Política

Ruido

enero 28, 2020

El lunes pasado, el poeta Javier Sicilia marchó al frente de las víctimas de la violencia para exigir resultados y un cambio de enfoque en materia de seguridad pública. El presidente López Obrador declina recibir a los manifestantes, los deriva al gabinete de seguridad y sugiere que atrás del diferendo son organizaciones afines al conservadurismo. El poeta califica de majadería el no haber sido recibidos por el Presidente y a la acusación de haber sido silentes durante años, revira que el presidente "acusa amnesia" porque en 2011 el pidió la cabeza de García Luna a Calderón.

Después, entrevistado en radio, Javier Sicilia se quejó que durante la caminata fueron agredidos por simpatizantes del Presidente. Lo cual es posible ya que hay, en efecto, mucha gente que simpatiza con el gobierno y no procesa suficientemente las diferencias. Pasa.

Lo cierto es que el diferendo entre los dos personajes mucho parece ser una lucha entre personalidades. Sicilia entregó documentos de los compromisos del Presidente hechos en campaña, lo que era previsible que hiciera para fundamentar su argumento.

El martes, en su conferencia de prensa mañanera, López Obrador afirmó que hay organizaciones afines al conservadurismo que no están demandando ni exigiendo una explicación a los gobiernos anteriores; concretamente que se investigue a fondo cómo el secretario de Seguridad Pública del ex presidente Calderón estaba involucrado con la delincuencia.

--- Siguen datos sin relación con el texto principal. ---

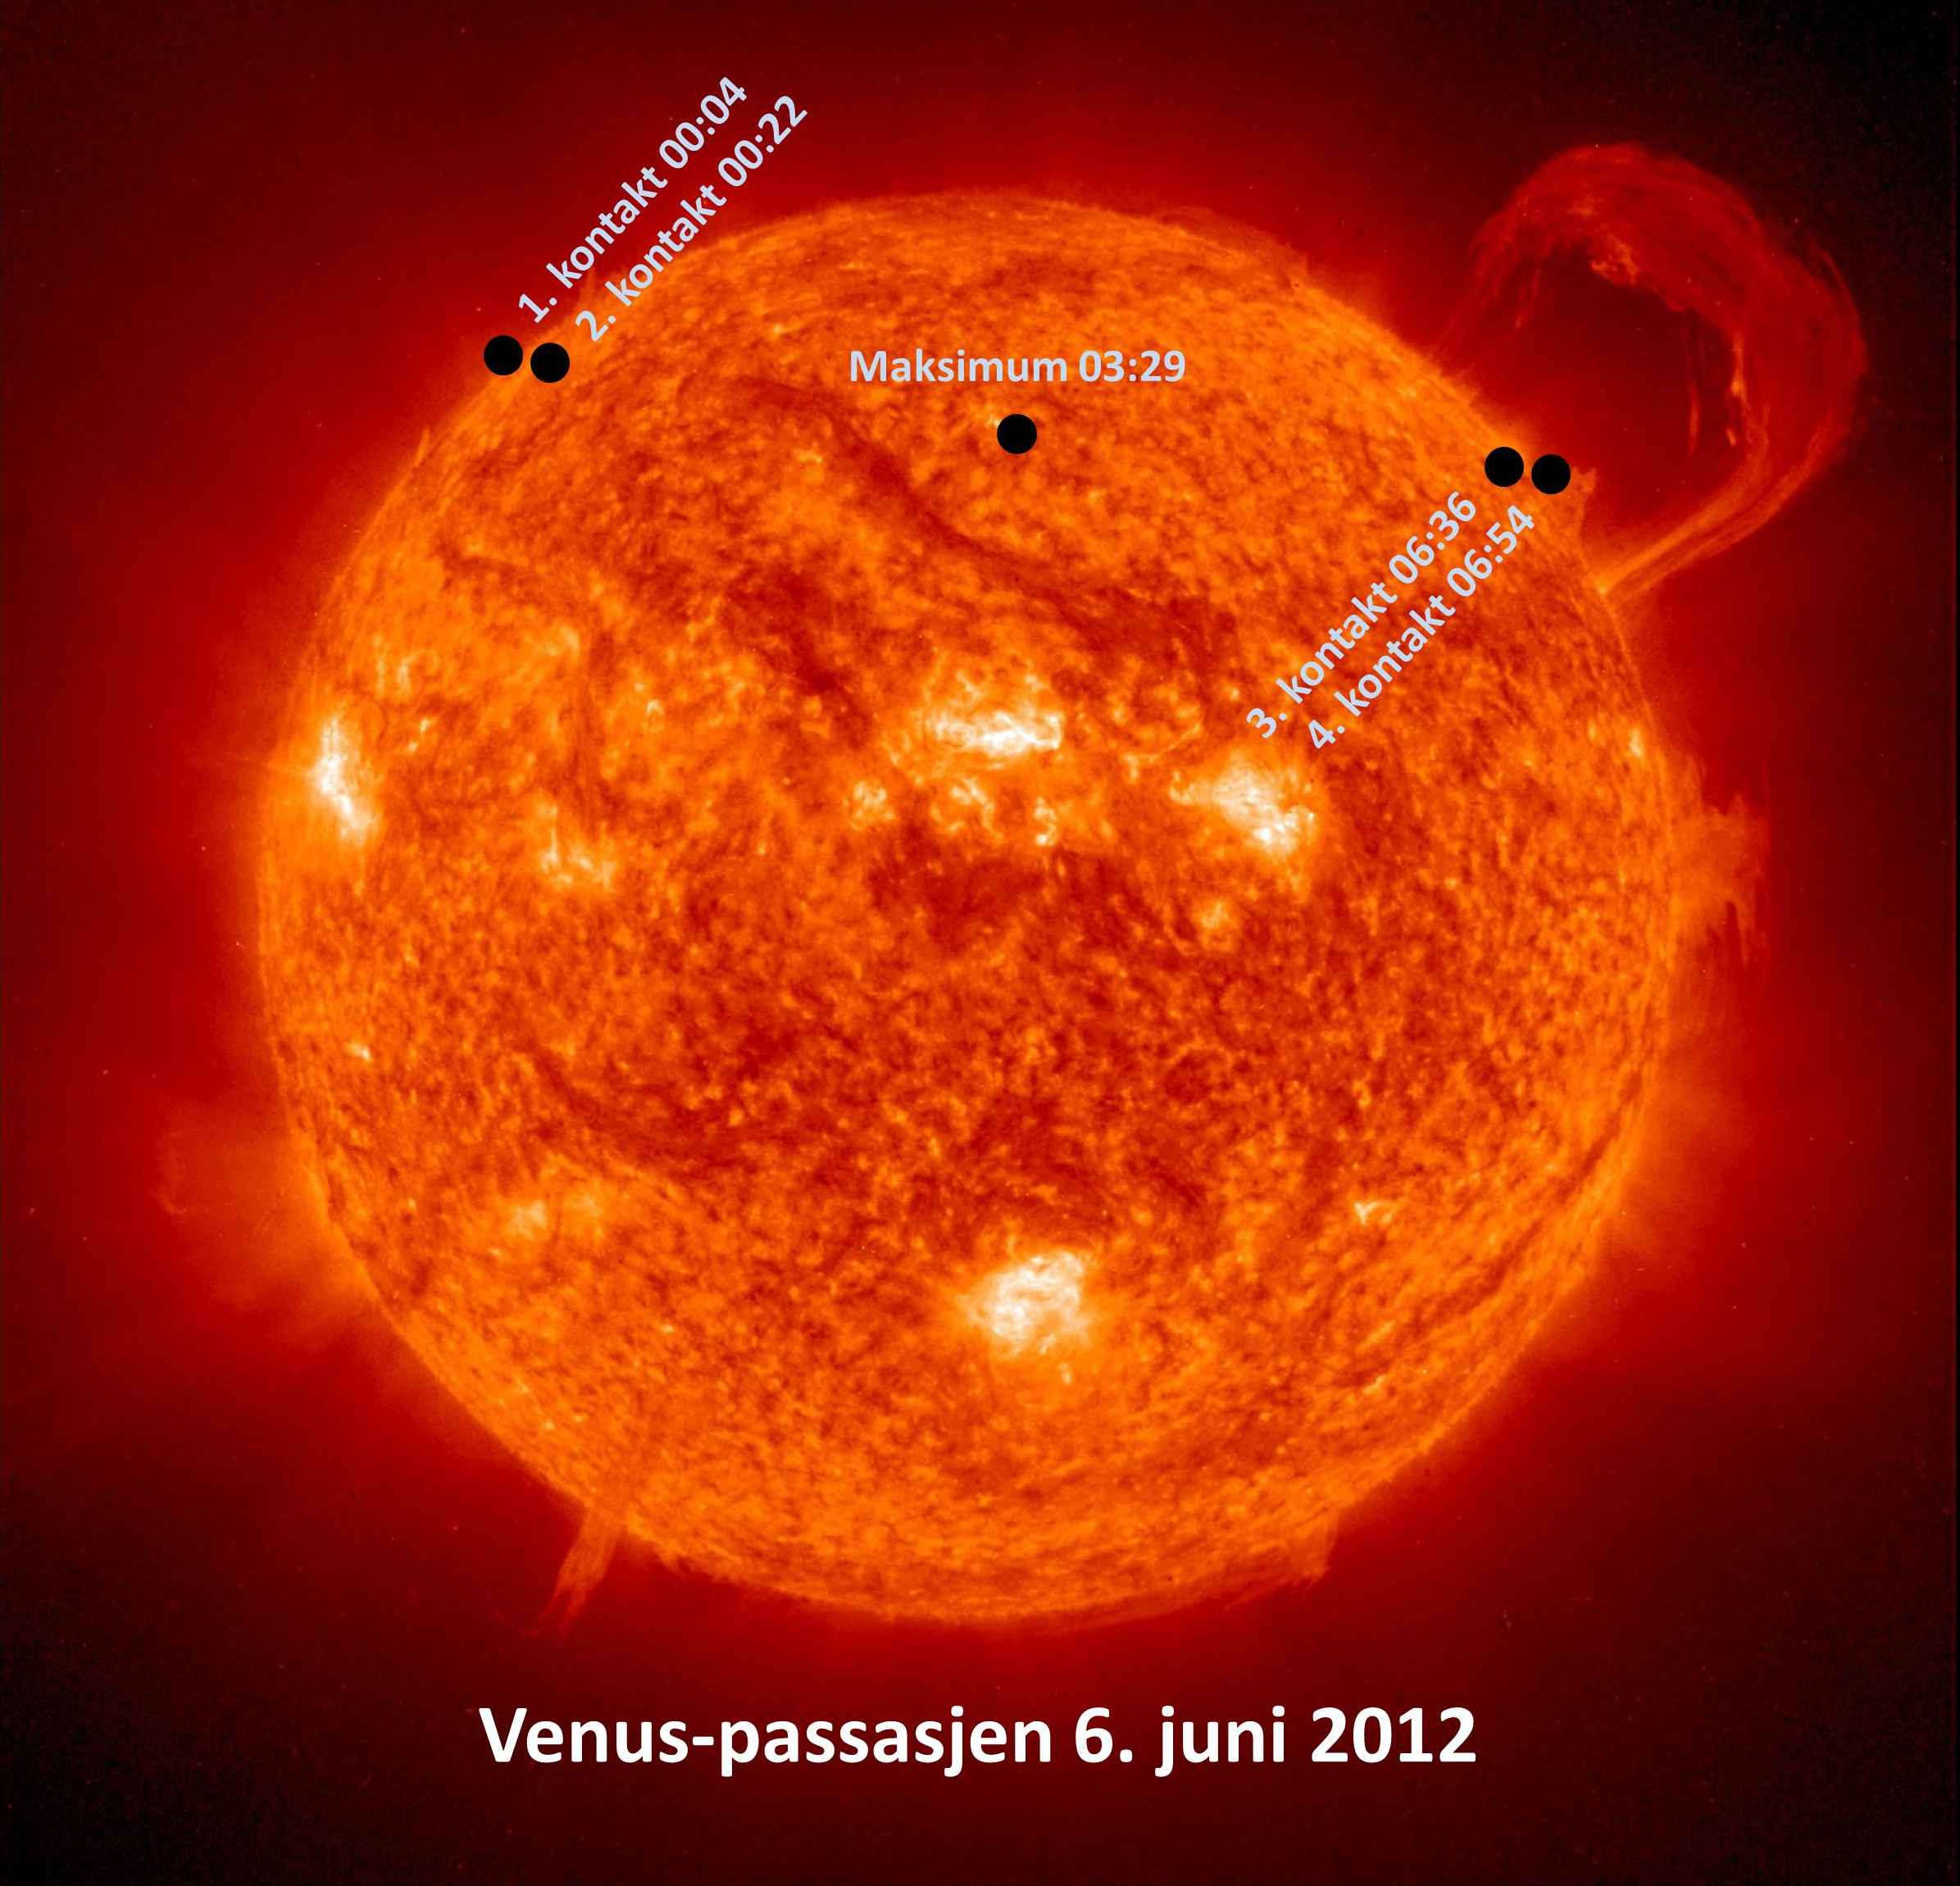 Venus-passasjen 6. juni 2012: I løpet av knappe 7 timer sklir planeter over solskiven. Foto: NASA, montasje: astroevents.no / Knut Jørgen Røed Ødegaard

Al margen de que la egoteca de ambos personajes tenga un papel más o menos importante en el diferendo, lo cierto es que el Presidente se ocupa de establecer la institucionalidad republicana como marco adicional a las leyes para resolver los diferendos. En el camino sugiere –y con razón– que hay organizaciones conservadoras que se benefician de un diferendo que no tiene causa de ser. El gobierno ha recibido al país y a la administración en condiciones calamitosas. Por eso interpreta que el diferendo en realidad beneficia las maquinaciones del conservadorismo neoliberal que operan para exacerbar las dificultades. Lo cual también es cierto.